Each user has a Lustre scratch directory in /lustre/medusa/$USER. Lustre is a highly scalable cluster file system in which storage of a given file is distributed (or striped) across several hardware locations. This allows larger files than could be stored on any one location, also allowing for much faster transfer speeds if accessed in parallel. Users may increase striping width to improve I/O performance for large files. For more information, see NICS' Lustre page.

There is no quota limit placed on Lustre storage. However, files older than 30 days are eligible to be purged. Any attempt to circumvent the purge policy may lead to account deactivation.

System Access

Keeneland may be accessed via ssh and gsissh.

ssh

In order to ssh to Keeneland you must use a one time password (OTP) token. Tokens are mailed to users when accounts are enabled and are only accessible if the user has returned a notarized NICS Token Activation form (emailed to new users). Consult NICS' OTP information here.

login1$ ssh userid@keeneland.gatech.xsede.org

gsissh

The alternative access method is gsissh. To access Keeneland in this manner, use the GSI authentication to log in to keenelandgsi.nics.xsede.org. Here, you will need to have an XSEDE password to authenticate with a myproxy certificate. This is automatically done through the XSEDE user portal.

The table below contains the IP addresses for each of the above protocols.

ssh/OTP GSISSH GridFTP
keeneland.gatech.xsede.org gsissh.keeneland.gatech.xsede.org gridftp.keeneland.gatech.xsede.org

Logging into Keeneland

The first time you log in using OTP authentication, you are required to choose a Personal Identification Number (PIN). You'll be prompted to enter your PIN followed by the numbers on your OTP token. The numbers on your token will change every 30 seconds or so and you can view the time left on that passcode by the bar on the left hand side of the viewing window. For further information on this, please see, https://www.nics.tennessee.edu/getting-started/access#OTPAuthentication).

Tokens may occasionally become disabled for a variety of reasons. When this happens or you have forgotten your PIN, email help@xsede.org with "Keeneland" in the subject line.

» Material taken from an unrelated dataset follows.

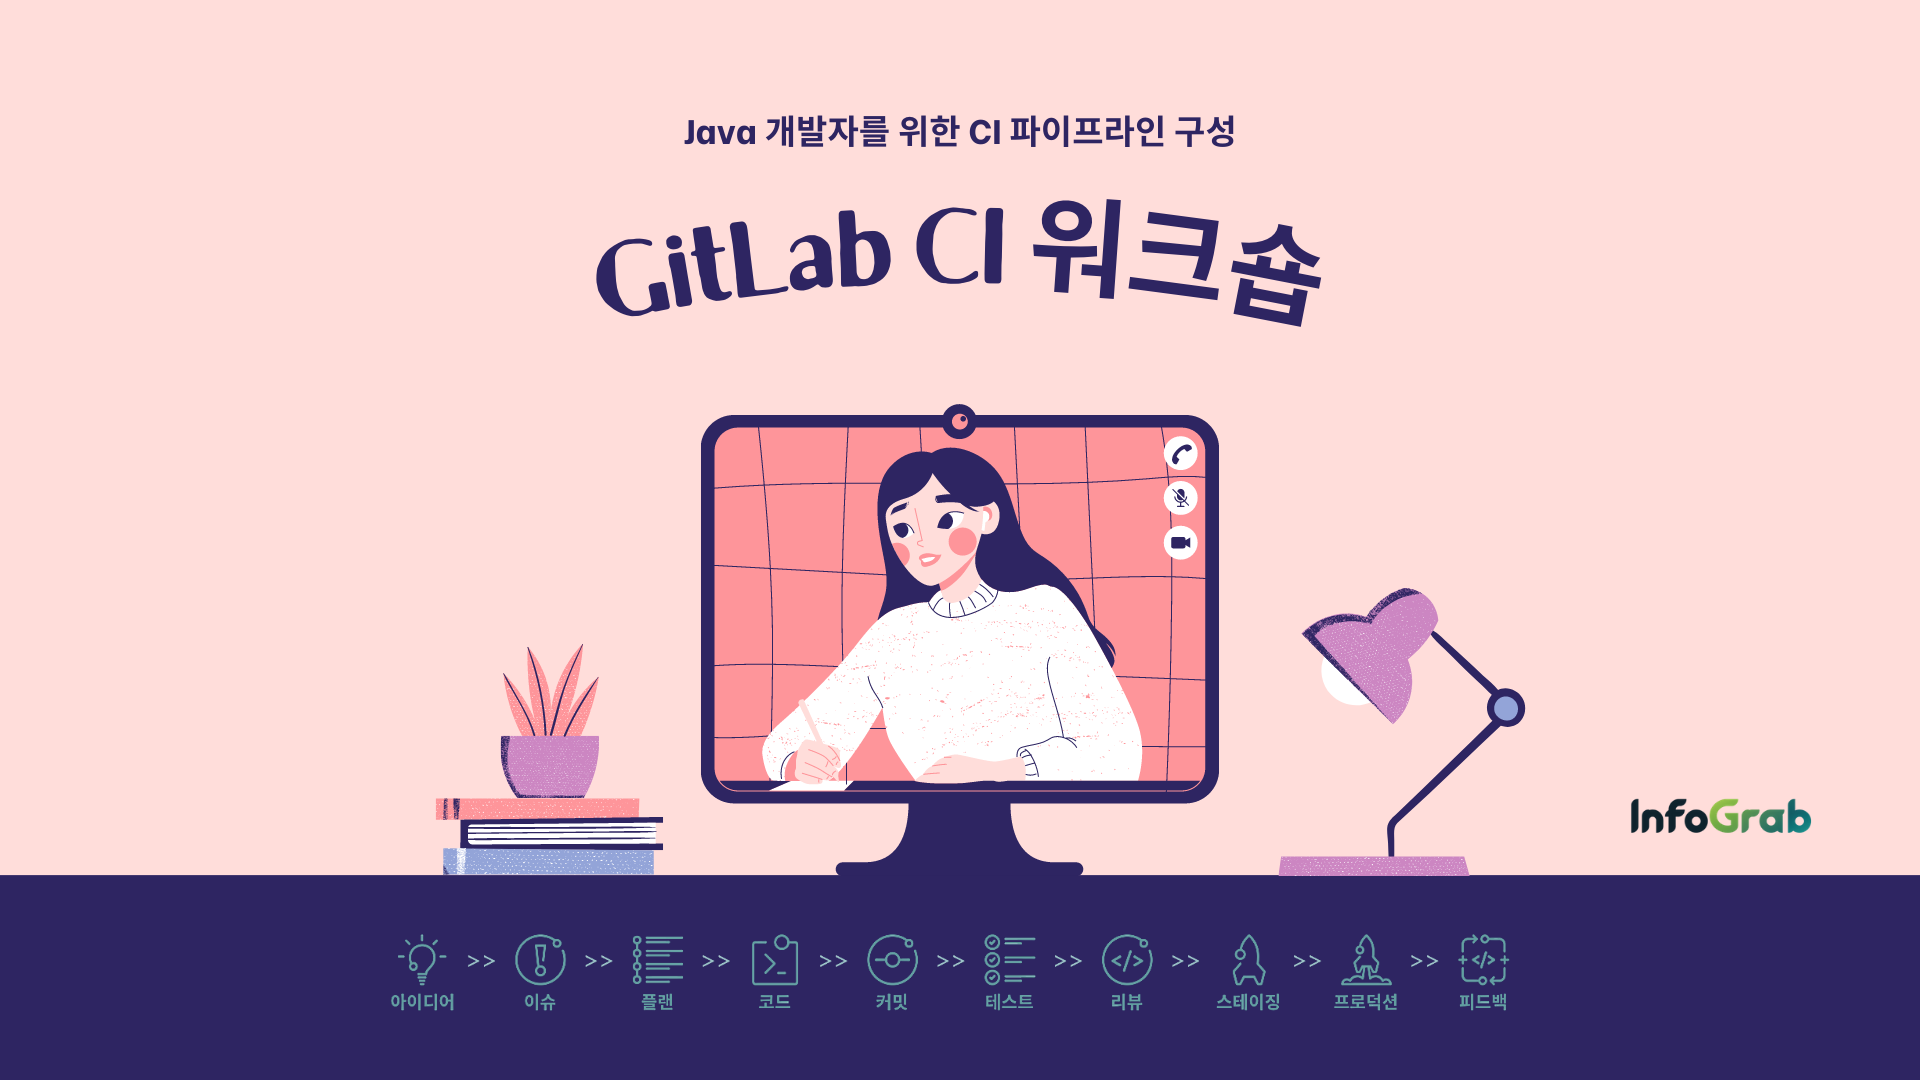 GitLab CI 워크숍
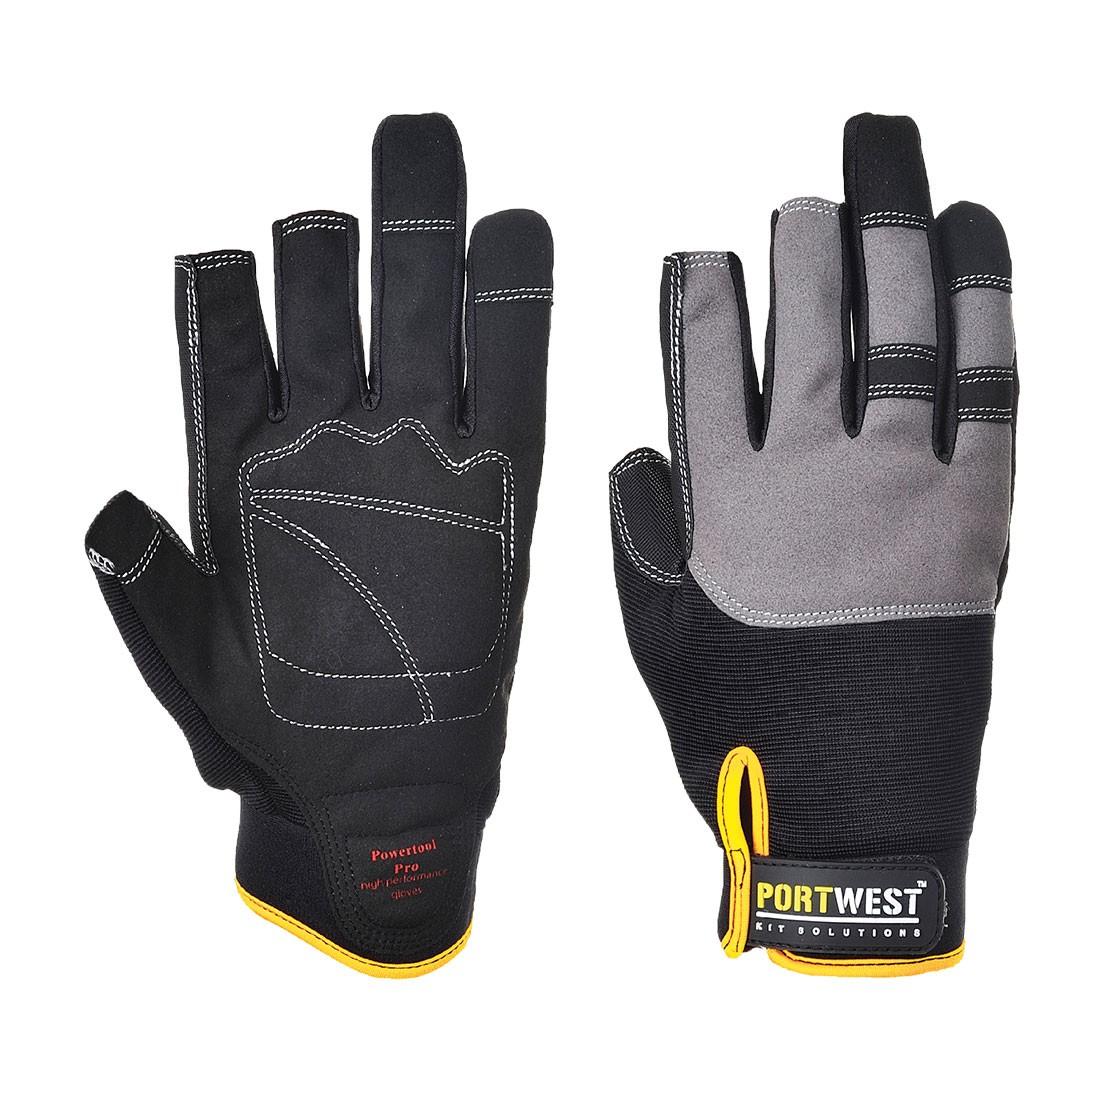 A740 Powertool High Performance Gloves

Note: The OTP token is for the specified user only. Sharing with anyone will lead to immediate account deactivation.

User Responsibilities

Keeneland is a Georgia Tech resource supported by NICS. When using Keeneland or NICS resources, you agree to the following user responsibilities:

  • You have the responsibility to protect your account from unauthorized use. Never share login information. If you believe your account has been compromised, immediately notify the XSEDE Help Desk at 866-907-2383.
  • You have responsibility for the security of your programs and data.
  • You may not copy and/or distribute proprietary software or documentation without the permission of the software. Possession or use of illegally copied software is prohibited; all software must be appropriately acquired and used according to the specific licensing.
  • Keeneland resources may only be used by authorized users and is limited to the purpose prescribed in the project award. Use of these resources for processing proprietary information, source code or executable code must be disclosed in the award process and is prohibited unless authorized by the project award. Use of Keeneland resources for export controlled information; source code or executable code is prohibited.
  • To ensure protection of data and resources, user activity and files may be monitored, intercepted, recorded, copied, audited, inspected, and disclosed to authorities. By using Keeneland or any NICS system, the user consents to such at the discretion of authorized site personnel.
  • Activities in violation of any laws may be reported to the proper authorities for investigation and prosecution. Abusive activity may be reported to your home institution for review and action.
  • Keeneland uses the NICS file systems. NICS file systems are generally very reliable, however, data may still be lost or corrupted. Users are responsible for backing up critical data.
  • Violations of Keeneland or NICS policy can result in loss of access to Keeneland and NICS resources and possible prosecution. If you have questions, you may contact NICS User Support during normal working hours, 9:00 am - 6:00 pm ET, at 865-241-1504, or contact the XSEDE Help Desk 24/7 at 866-907-2383 or help@xsede.org.

Computing Environment

The default environment for each user is: home directory, Lustre scratch space, and unix group name associated to their project number (assigned by XSEDE).

Unix Shell

Keeneland's default shell is bash. Other shells are available: sh, csh, tcsh, and zsh. Users may change their default shell in the NICS User Portal, https://portal.nics.tennessee.edu/. You'll need your OTP token to log into the NICS portal.

Environment variables

Display the pre-set environment variables using the Unix env command. In addition, there are pre-set modules loaded when one logs in. This includes the default intel compiler, Moab, Torque, MKL, CUDA, and MPI libraries. Pre-set environment variables include: $HOME and $SCRATCHDIR.

Startup Scripts

Each time you log in to a resource, a number of scripts run to set up your environment. System startup scripts (which are universal for all users) define the modules command and set a number of environment variables. Note that system startup scripts work for login shells – when you log in with ssh or start a job. If you want them to run when you start a new shell, it should be made a login shell, for instance bash -l or newgrp -. For more information, check the Unix man pages.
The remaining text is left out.